IIE DIGITAL DESK :The Reserve Bank of India (RBI) has announced a 25 basis point cut in the repo rate, bringing it down from 6.25% to 6% in its latest Monetary Policy Committee (MPC) meeting. This decision, aimed at providing relief to borrowers and stimulating economic growth amid global uncertainty and weak domestic demand, is expected to directly impact home loan borrowers across the country. For individuals with existing or planned loans — especially those with a ₹30 lakh home loan — the EMI burden could see a noticeable reduction.
The repo rate, which is the rate at which the RBI lends money to commercial banks, has a direct influence on lending rates. With the cut, banks are now likely to reduce their Marginal Cost of Funds-based Lending Rates (MCLR) or external benchmark-linked rates, depending on the nature of the loan agreement. Most retail home loans today are linked to the RBI’s repo rate under the external benchmark lending regime. As a result, changes in the repo rate typically translate into quicker revisions in borrowers’ interest rates.

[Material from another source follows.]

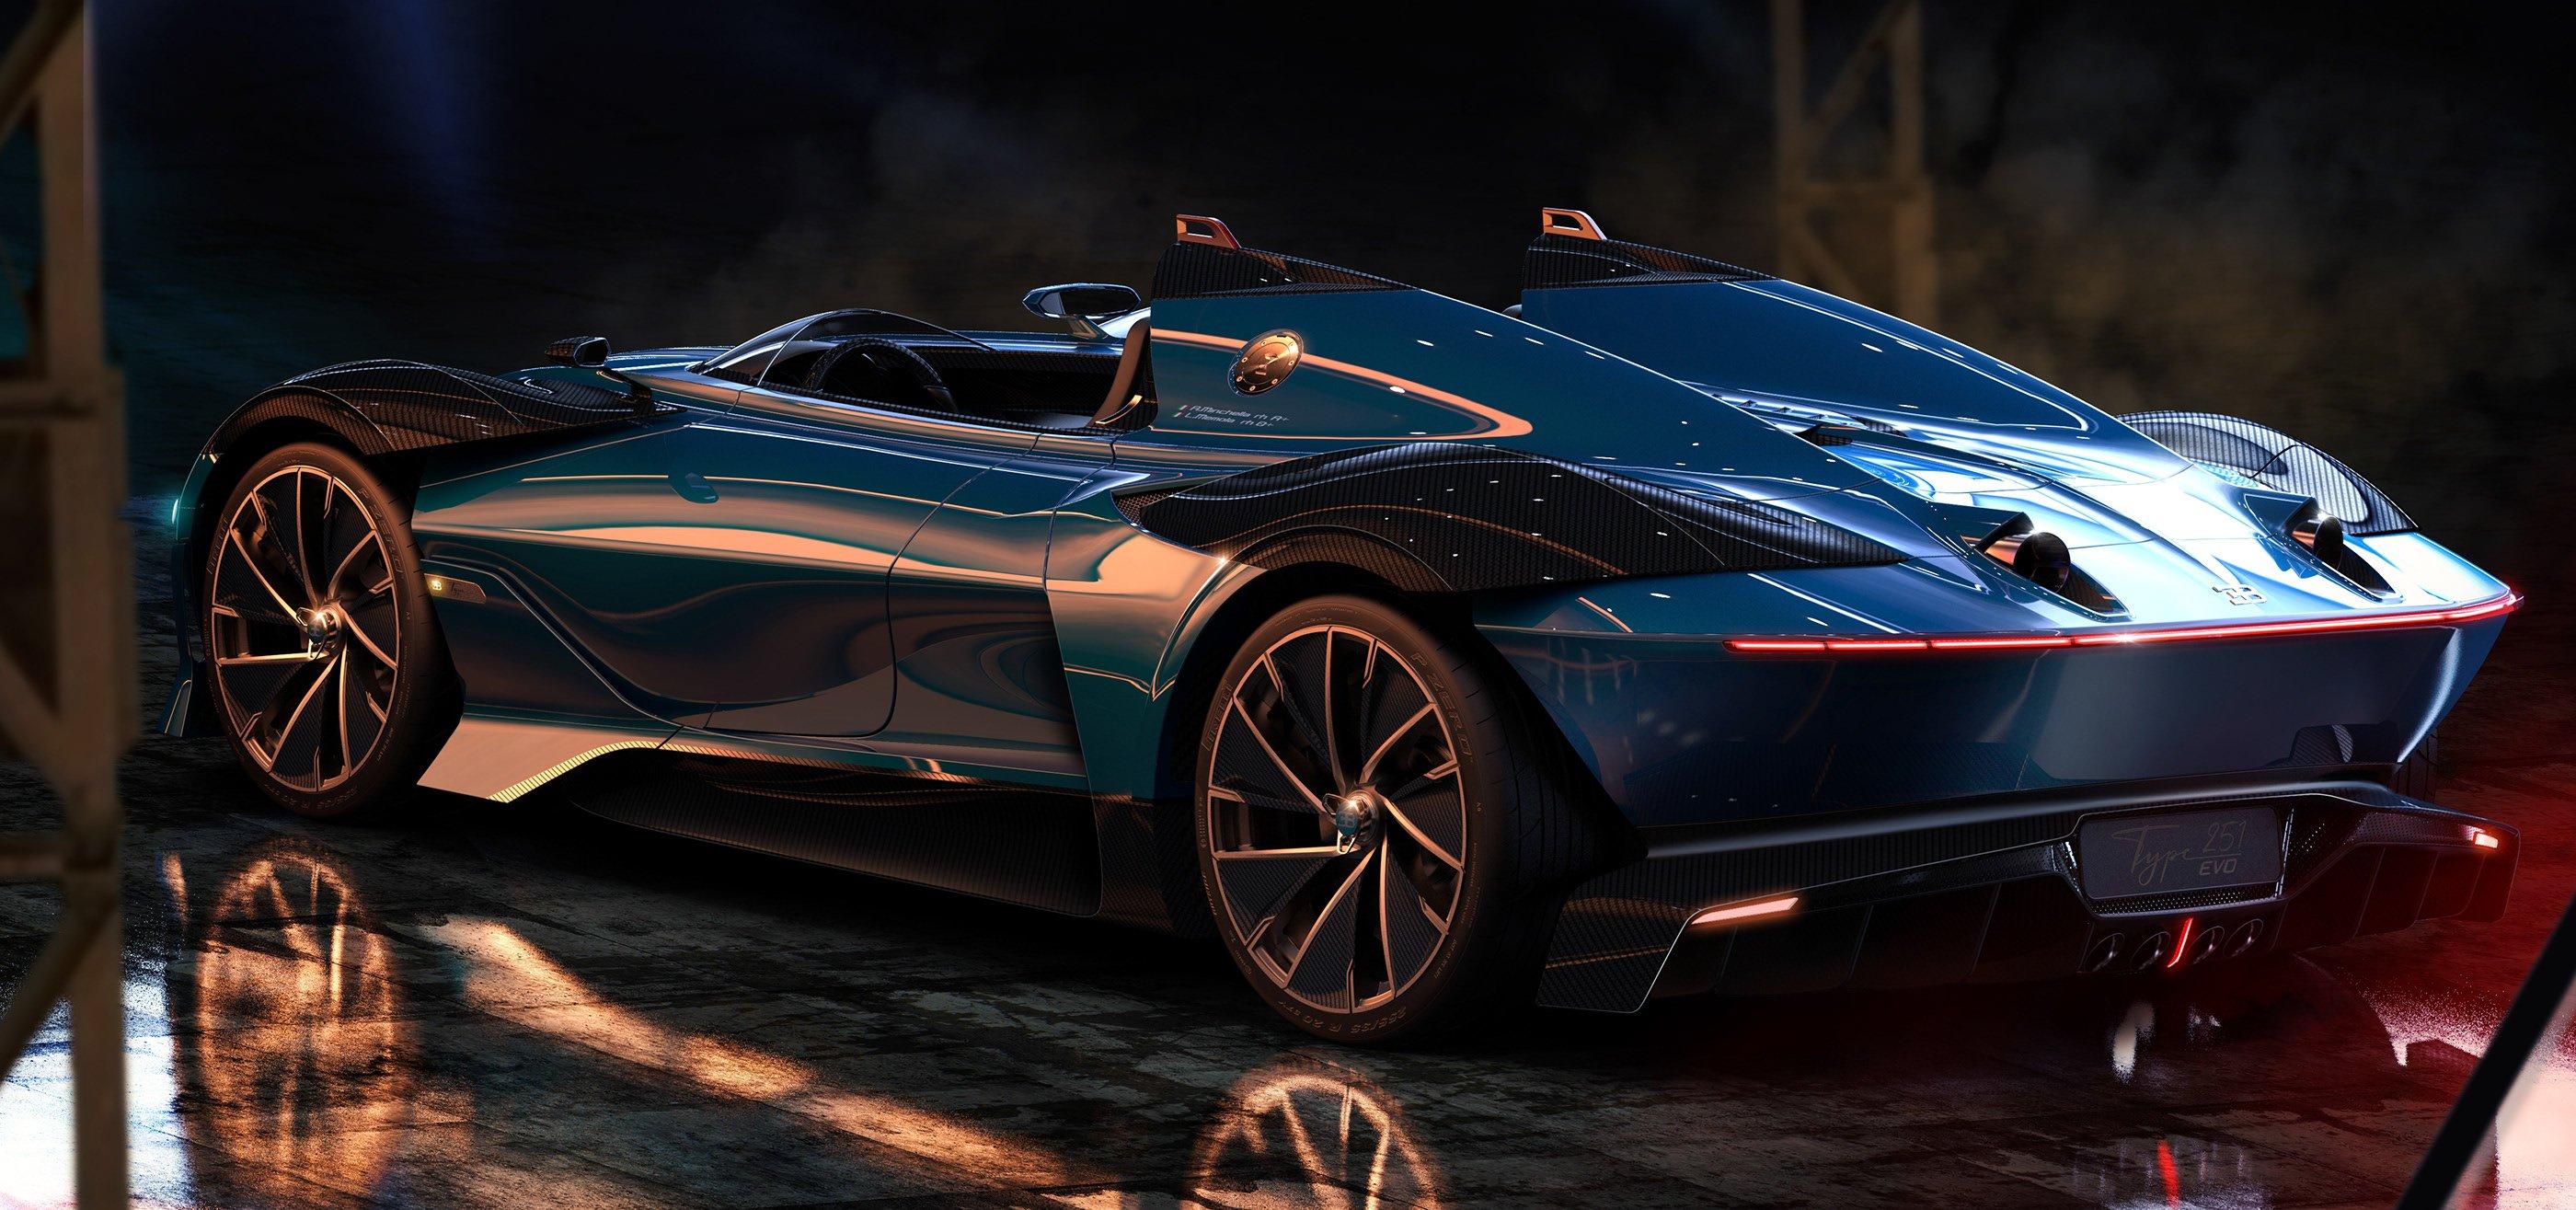 luigi-memola-alessio-minchella-2020-bugatti-251-EVO-keyshot-05

So, how much will the EMI change for a ₹30 lakh home loan?
Let’s take an example. Assume a ₹30 lakh home loan taken for a tenure of 20 years at an earlier interest rate of 8.25%. Before the RBI rate cut, the monthly EMI would be approximately ₹25,521. With a 25 basis point reduction, the revised interest rate could drop to around 8.00%. At this new rate, the EMI would come down to about ₹25,093 — a reduction of ₹428 per month. Over the entire tenure of the loan, this could result in total savings of more than ₹1 lakh, assuming no further changes in rates.
While the EMI savings might not seem substantial on a monthly basis, it can make a significant difference to middle-class households managing tight budgets, especially as living costs continue to rise. Moreover, for those with higher loan amounts or longer tenures, the benefit will be more pronounced. Those planning to take new loans might also consider locking in lower rates now, especially if market conditions become less accommodative in the future.
However, it’s important to note that the actual benefit to borrowers depends on how quickly and to what extent individual banks pass on the rate cut to customers. Some public and private sector banks have already hinted at rate reductions, while others are expected to follow suit in the coming weeks.
Experts suggest that this is a good time for borrowers to review their home loan terms and consider switching to lenders offering lower rates if the difference is considerable. Additionally, borrowers on MCLR-linked loans may benefit by moving to repo-linked loans for faster transmission of rate benefits, provided switching costs are minimal.
The RBI’s shift to an accommodative stance also indicates that there could be further rate cuts in the coming months if inflation remains within target and growth remains sluggish. This offers a ray of hope for borrowers and home buyers who may be delaying property purchases due to cost concerns.